Встав на тропу мести, я мечтала дорожным катком проехать по тучному телу бывшего прокурора города, чтобы он, корчась от боли, вспомнил о моих родителях и раскаялся в содеянном. Но реальность внесла свои коррективы в мои умозрительные планы. Пристально наблюдая за жизнью Синдякова и двух его сыновей, я увидела, как порочна эта семейка. Мне не составило особого труда сделать их пороки орудием своего мщения. Спустя четырнадцать лет справедливость восторжествовала. Но это был лишь один частный случай.
Теперь, когда я уже давно проснулась и широко раскрыла глаза, я увидела, что вокруг нас живут и здравствуют негодяи, которым прямая дорога на зону. Являясь дипломированным юристом, я была вынуждена признать, что закон зачастую оказывается бессилен. Власть, деньги и связи помогают преступникам избежать наказания за их злодеяния. Я стала искать различные способы покарать тех, кто уходит от расплаты, и находила их. Теперь мне предстояло защищать еще не родившегося ребенка, отстаивать его самое главное право – право на жизнь…
* * *
Когда я открыла Даше дверь, то поняла, что хороших новостей у нее для меня нет, а вот отчет о ее неприятностях будет длинным.
– Все плохо, все, – сказала она, привалившись плечом к стене в прихожей. – Врач сказала, что угроза выкидыша очень высока, надо ложиться в больницу на сохранение. Я уже хотела было согласиться, но тут в кабинет зашла медсестра и, как бы между прочим, сказала, что моя мама за меня очень волнуется. Это она мою свекровь мамой назвала! Я спросила – откуда она знает? Таня поняла, что сболтнула лишнее, и сразу же вышла из кабинета. Полина, я чувствую, что это заговор! Они запихнут меня в больницу, а там наколют какими-нибудь препаратами, и все…

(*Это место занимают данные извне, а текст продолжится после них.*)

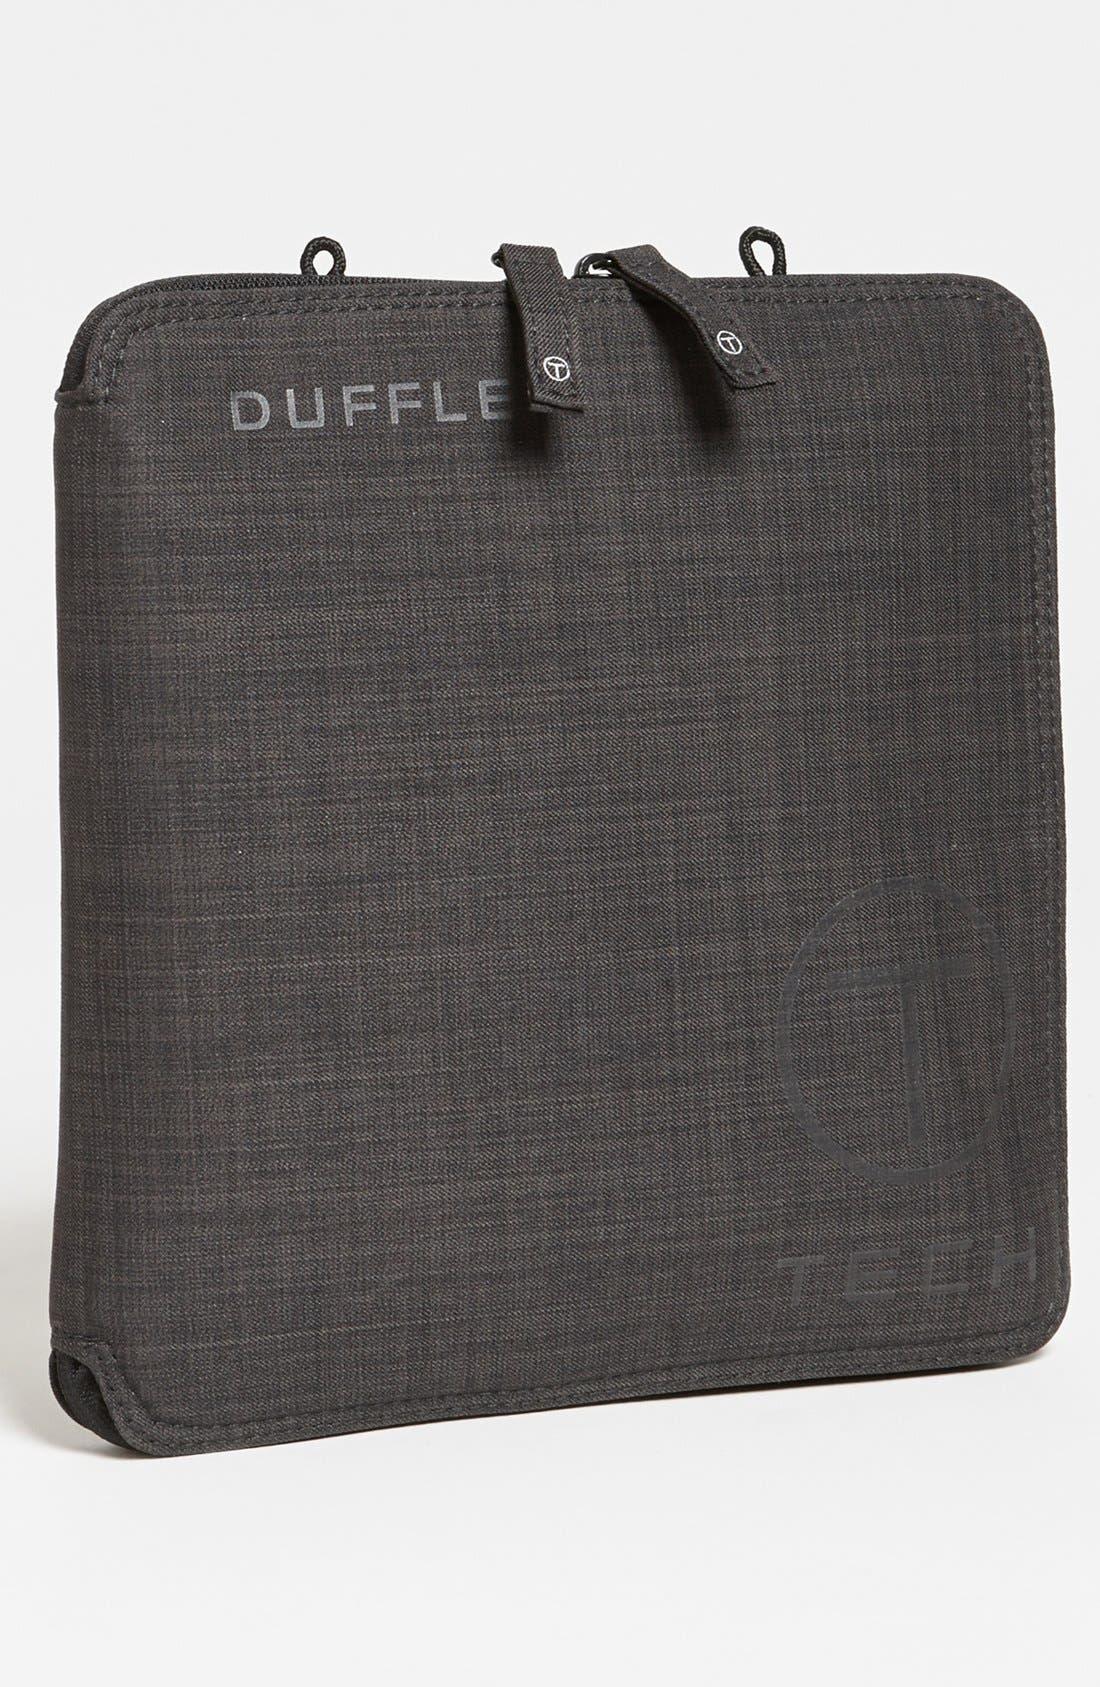 by TUMI Packable Duffel Bag,                             Alternate thumbnail 2, color,                             020
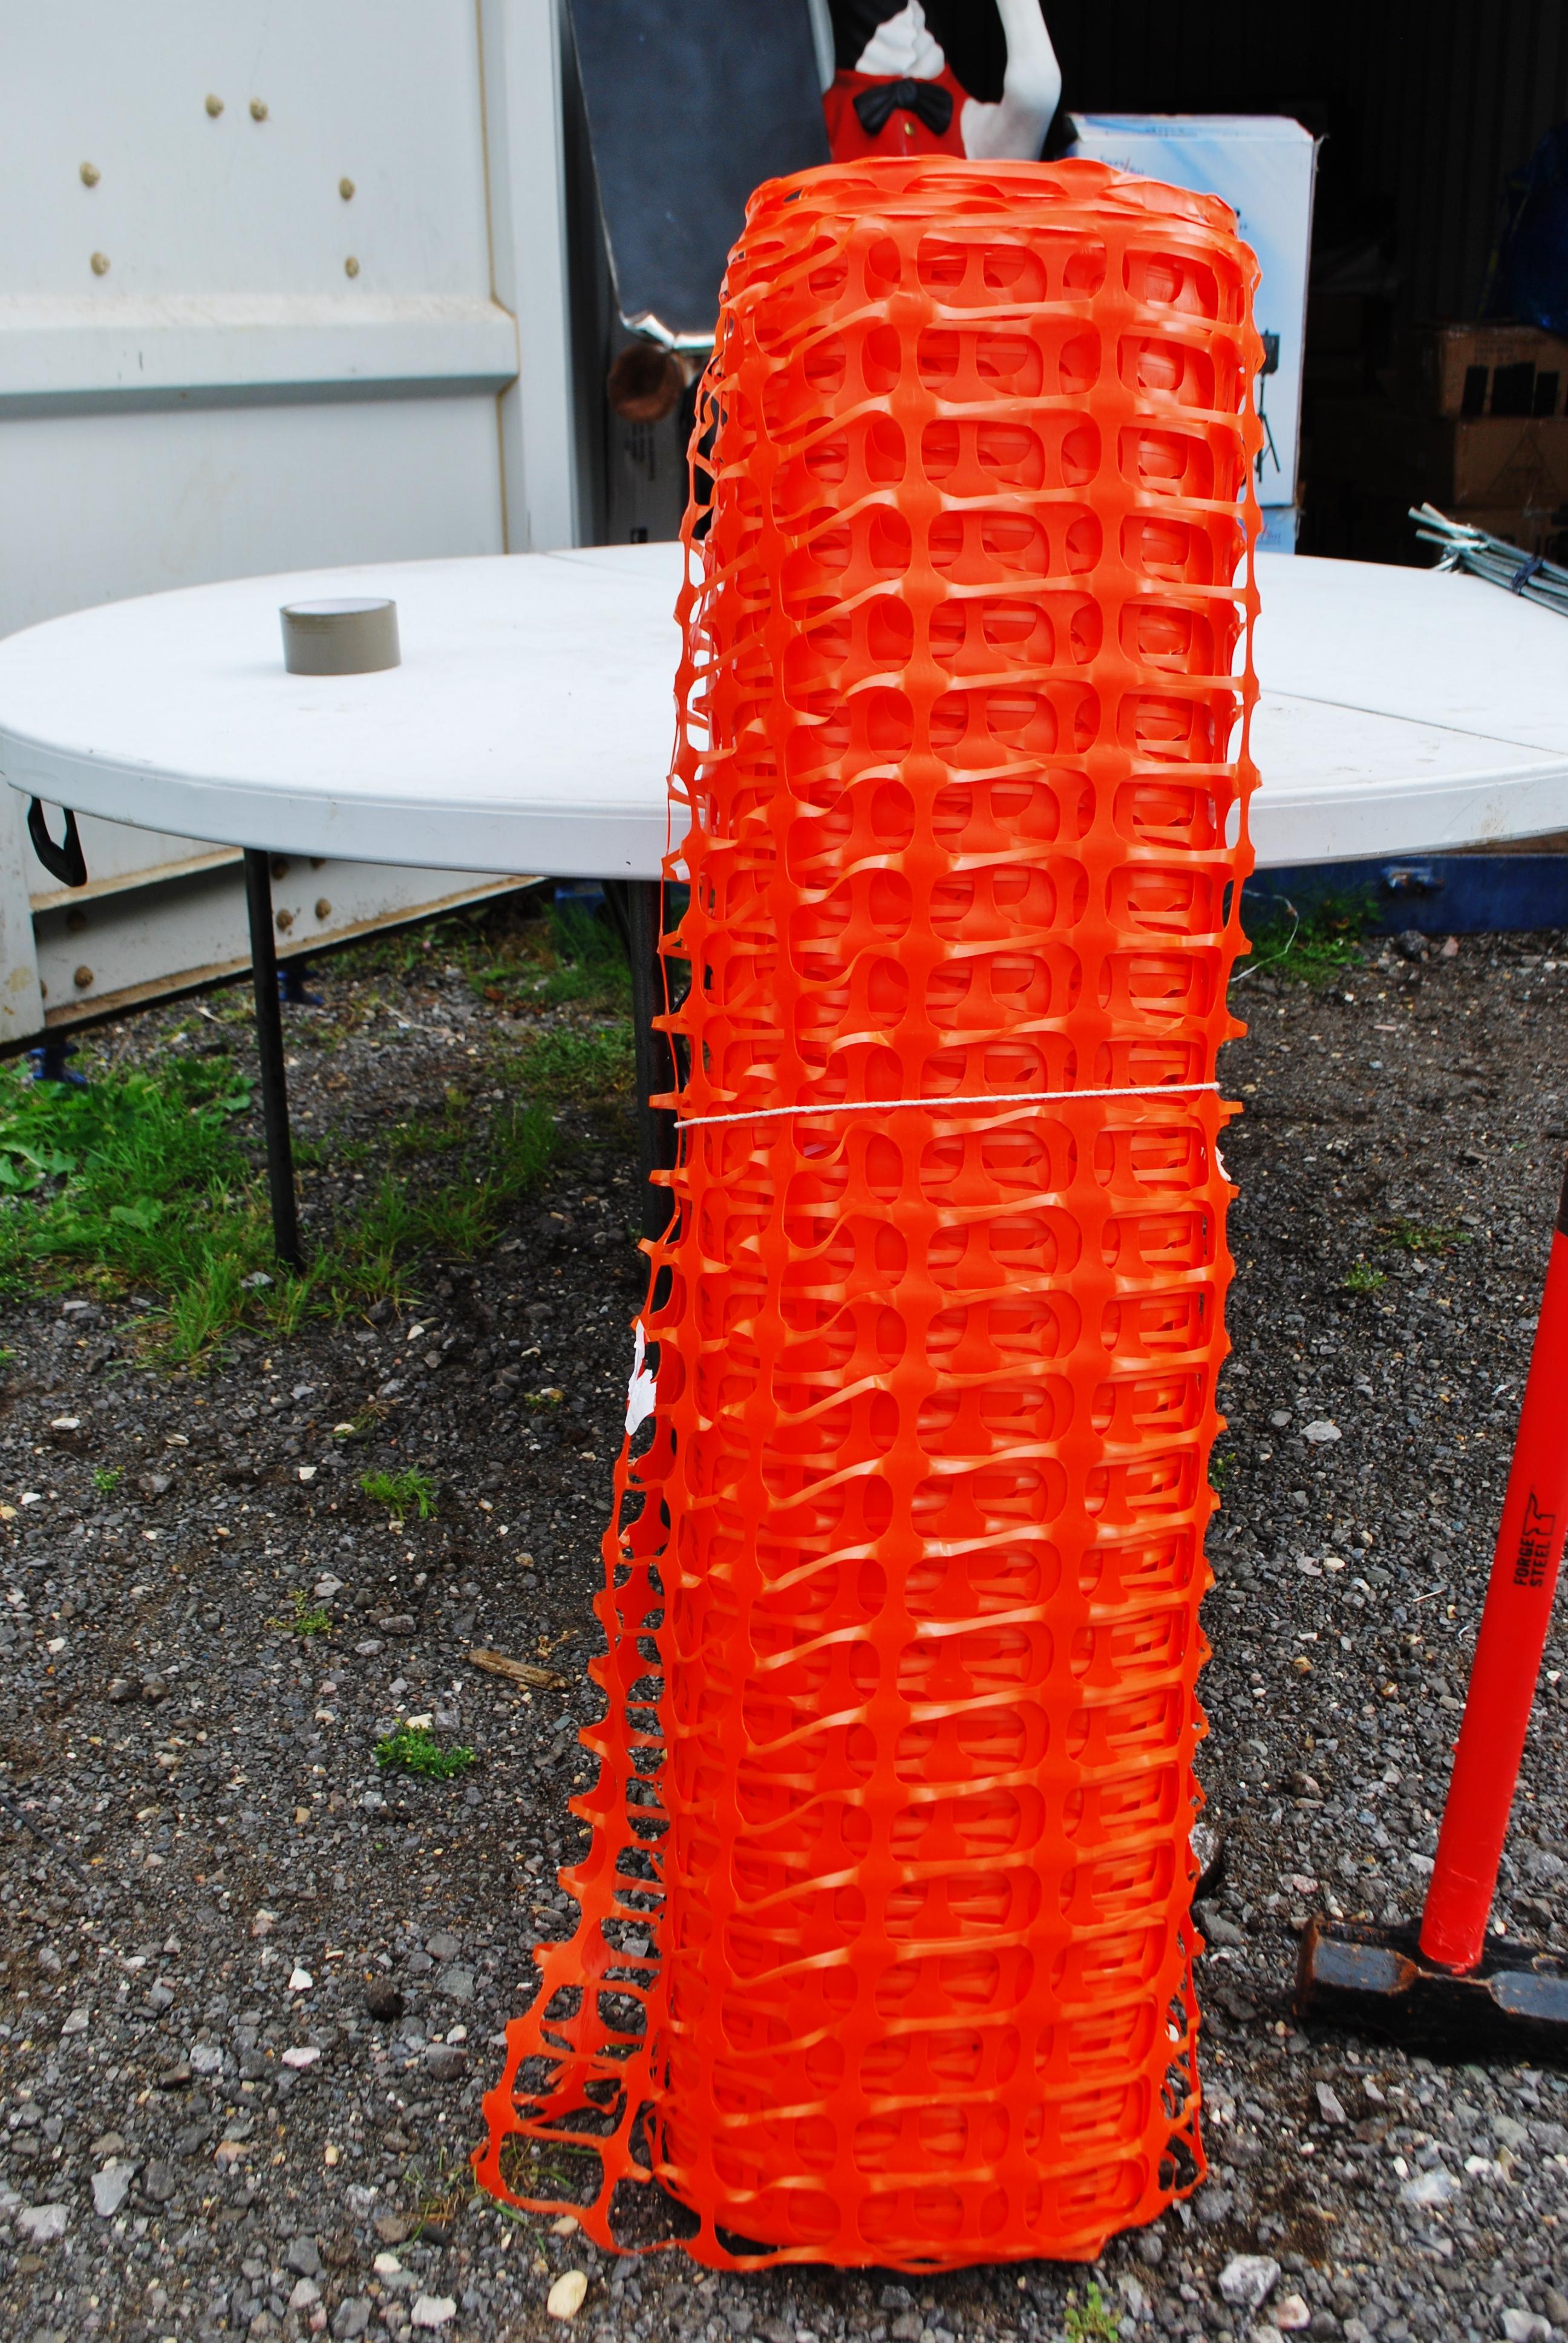 equip_orange_netting_roll

– Даша, давай не будем обсуждать такие важные вопросы у порога, – мягко сказала я, – пойдем в гостиную. Ты присядешь, выпьешь свежевыжатый сок. Тебе яблочно-банановый можно?
– Лучше просто яблочный, – сказала будущая мать.
– Тогда располагайся здесь, – я открыла дверь гостиной, обставленной в стиле кантри, – а я сейчас быстренько сок приготовлю.
– Вы очень добры. Мне так неловко…
– Даша, перестань стесняться! И вообще, давай перейдем на «ты». Я не так уж на много лет тебя старше.
– Хорошо, – согласилась гостья. – Полина, а где Аристарх Владиленович?
– Дед уехал по делам в город, но, я думаю, он скоро будет.
Когда я вернулась в гостиную, Даша сидела на диванчике и механически перелистывала глянцевые журнальчики.
– Вот сок, пожалуйста, – я подала ей стакан и села рядом. – Скажи, ты в нашей поселковой поликлинике на учете состоишь?
– Да, а что?
– А в какую больницу тебе давали направление?
– Во вторую городскую.
– Да, в муниципальной больнице зарплаты небольшие. Кто-нибудь да и позарится на вознаграждение. А что, если тебе в частную клинику лечь? Нет, если у тебя с деньгами туго, то…
– У меня есть деньги. Ромкина кредитка у меня была, я сняла с нее деньги и на свой счет переложила, – призналась Даша и густо покраснела. – Полина, ты тоже считаешь, что я не должна была этого делать?